Claude Raymond is ready for love

English rock-and-or-roll supergroup Bad Company, who combined with Foreigner to encourage sex in hallways and public spaces all across Christendom, once queried: “Are you ready for love?” The aria is a tale — a necessary tale — of the everyman who is rendered urgent, turgid, and veiny for want of immediate and driving coitus.

As it turns out, “Ready for Love” was inspired by right-hander Claude Raymond, who pitched to middling effect in the major leagues from 1959-1971. Bear nubile witness:


As implied by his 1966 and 1967 baseball cards, Mr. Raymond walked around for two full years in a state of partial and suggestive undress.
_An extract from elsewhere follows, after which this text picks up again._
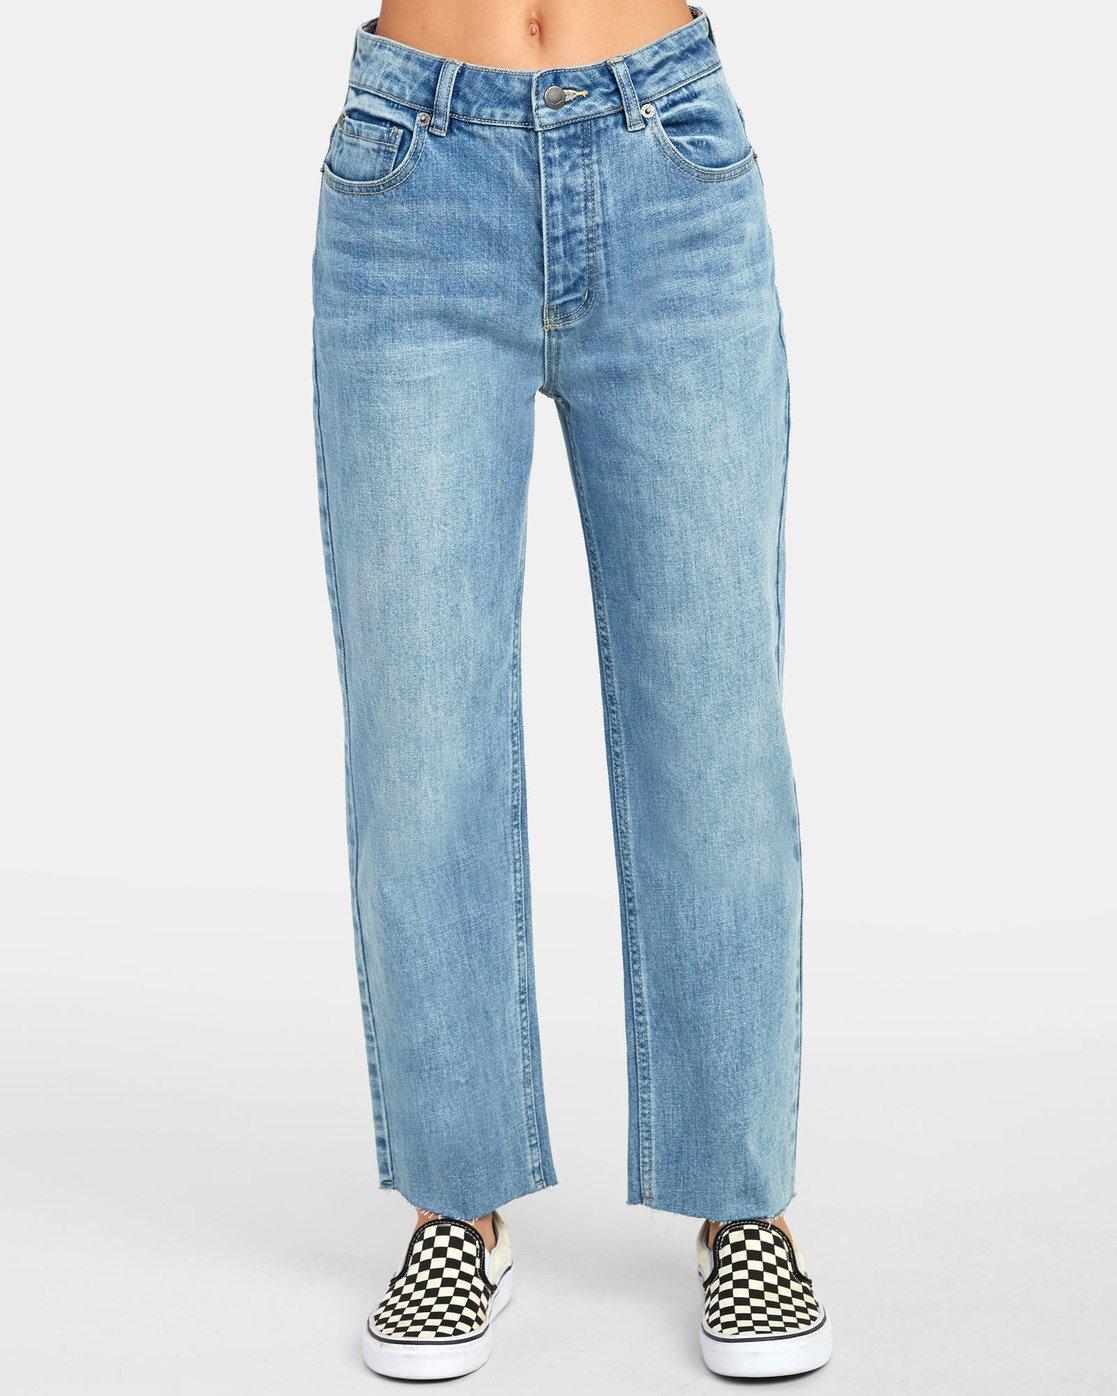 Vaqueros Pantalones Mujer Rvca Holli Vaqueros Tobilleros De Tiro Alto Light Blue Doclick Solutions

This is because he was ready for love.

Chroniclers of Raymond’s day took to calling him “The Un-Bezippered Corsican Rogue.” While such a sobriquet misstated Raymond’s origins, the prevailing incrimination — that a pecker lurked in wait — could not plausibly be denied.

Just two years after Raymond retired from baseball, he served as a session backup dancer for Bad Company’s self-titled debut album. It was during those boozy marathon studio conclaves that Raymond’s story was told and subsequently put to vinyl.

While modern society has forced Raymond to leash his organ, he remains ready for the possibilities — love, pointy and prominent, among them.